So, I gave up on some of the padding, but reasoned that in most cases this should not make a difference because the hottest fields were still padded from each other.

Why so slow?

Now, I expect a queue that is very similar to SpscArrayQueue, but adds some features to be slower. There's just very little you can do about this, doing more will cost you something. But given that resizing is a rather exceptional event for this queue I thought this will be a minor hit, maybe 10-20% reduction in performance (for a certain definition of performance). JCTools has some benchmarks included and I ran the QueueThroughputBackoffNone which will have a producer and consumer threads chewing on the queue as hard as they can.
Since the numbers are not very important here, I'll stick to running benchmarks on my laptop (an MBP 11,1/ Ubuntu 15.04/Zulu JDK8u45 - Zulu is a supported and tested OpenJDK build) in this post. Rest assured that I have confirmed on real hardware the same results. The results I quote below are the pollsMade figure which reflects the actual delivered throughput.
To my puzzlement I found:
SpscArrayQueue          361.223 ±  7.156  ops/us
SpscGrowableArrayQueue   64.277 ± 31.803  ops/us

Crap performance and terrible variance, bugger me sideways.
Looking at the code, I thought there must be something I was doing to upset the mighty JIT spirits.

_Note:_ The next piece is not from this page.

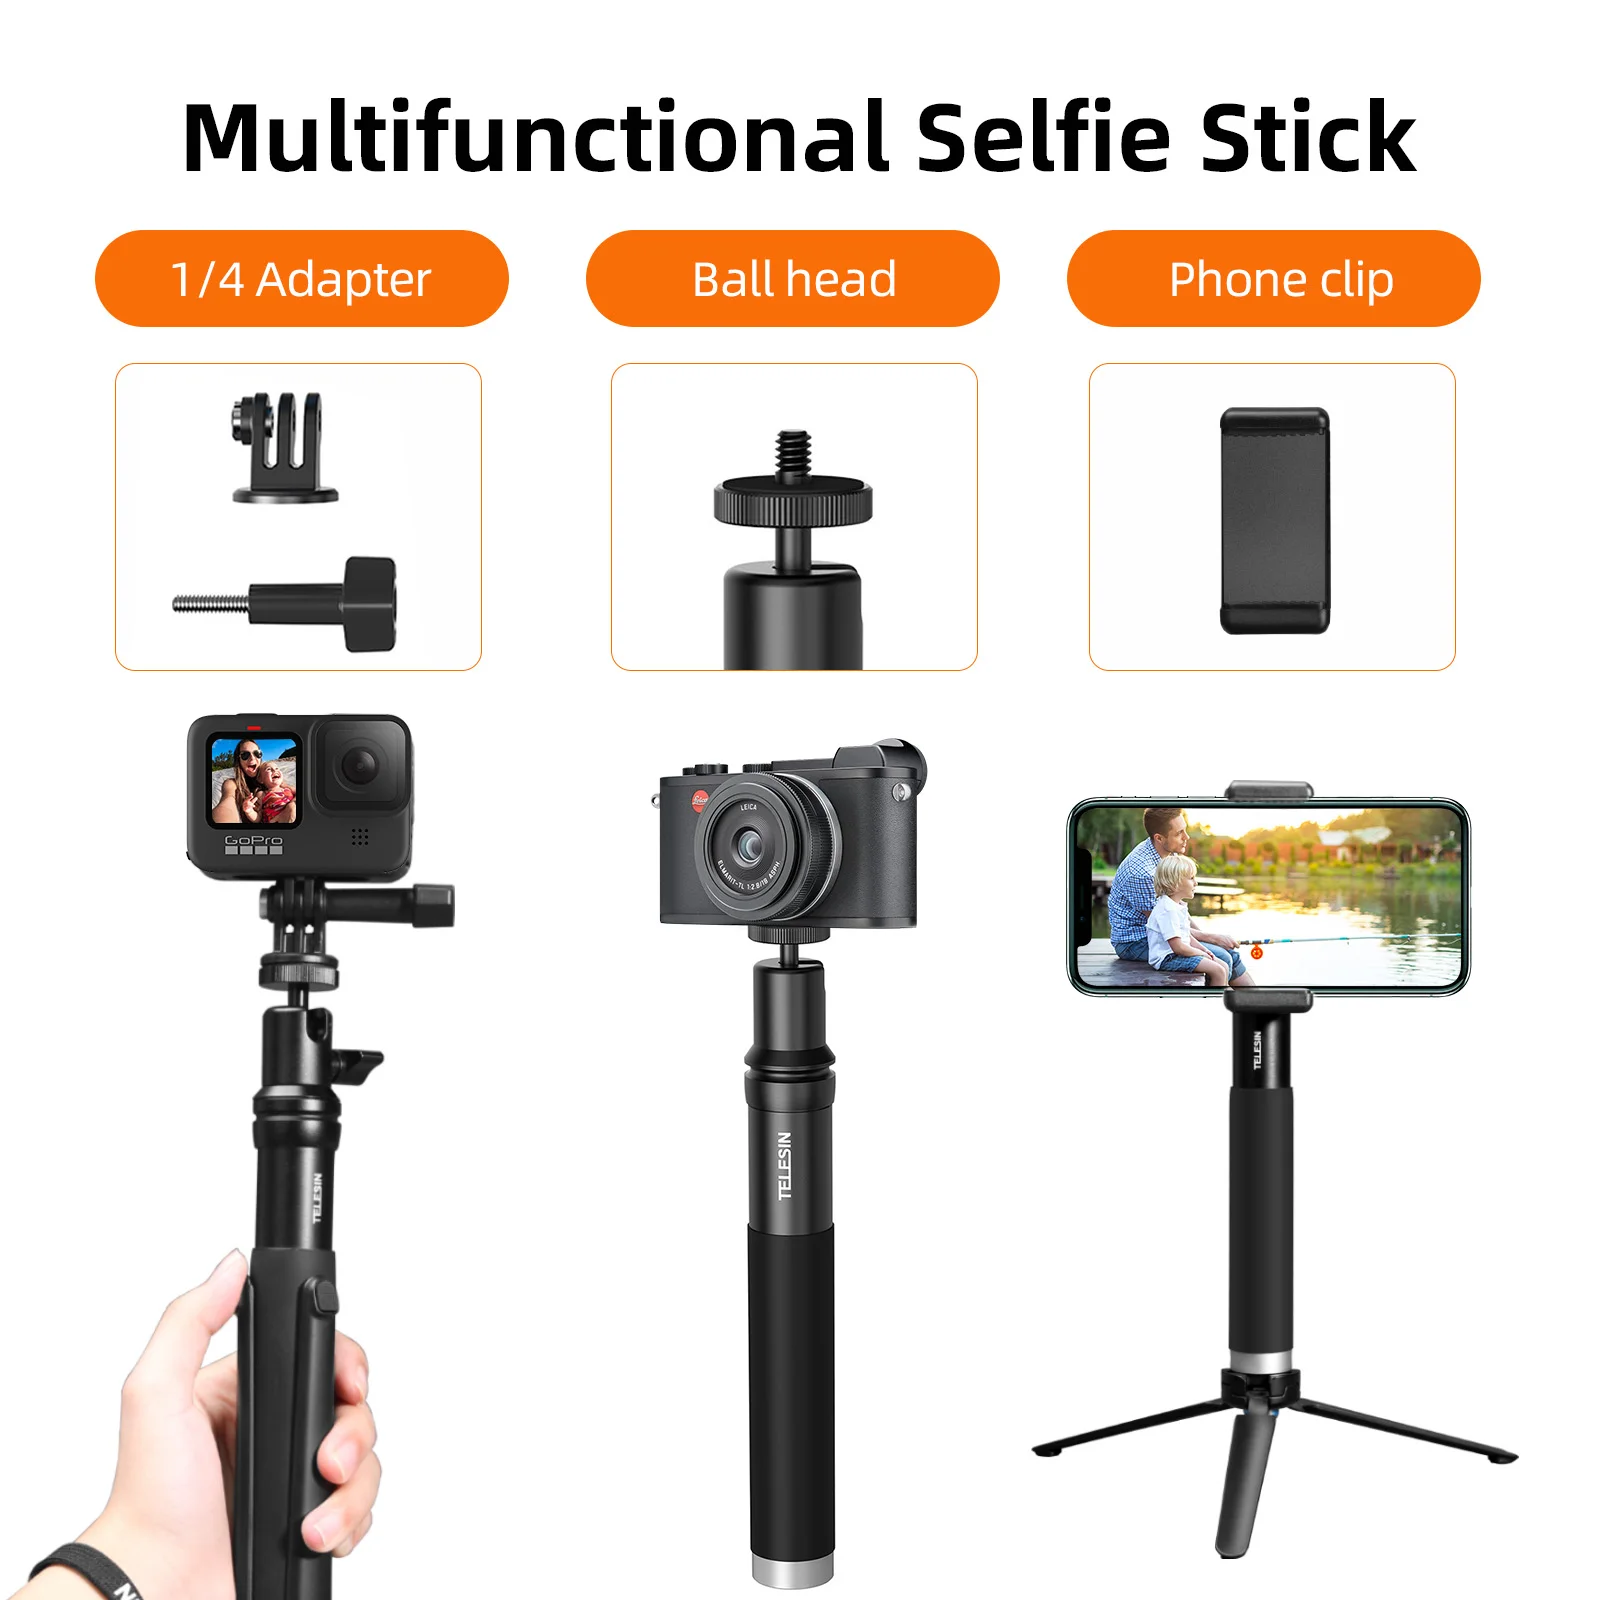 Not included Tripod TELESIN 0.9m Selfie Sticks Aluminum alloy with 360 Roation Ball Head for Gopro Max Hero 9 8 7 6 5 Action Cameras Smartphones DSLR,with Phone Holder and Adapter

Maybe my methods were too big? My branches too unpredictable? My variable names too offensive? So I tweaked the code this way and that, looked at the inlining log (-XX:+PrintInlining) and the assembly (-XX:+PrintAssembly/-XX:CompileCommand=print,*) I got some minor improvements, but it mostly still sucked. What's wrong? A quick look at "-prof perfasm" and a fair amount of head scratching lead to the answer. The code (before and after) is on github, the main focus for this post is perfasm and its usage so I won't dive into it.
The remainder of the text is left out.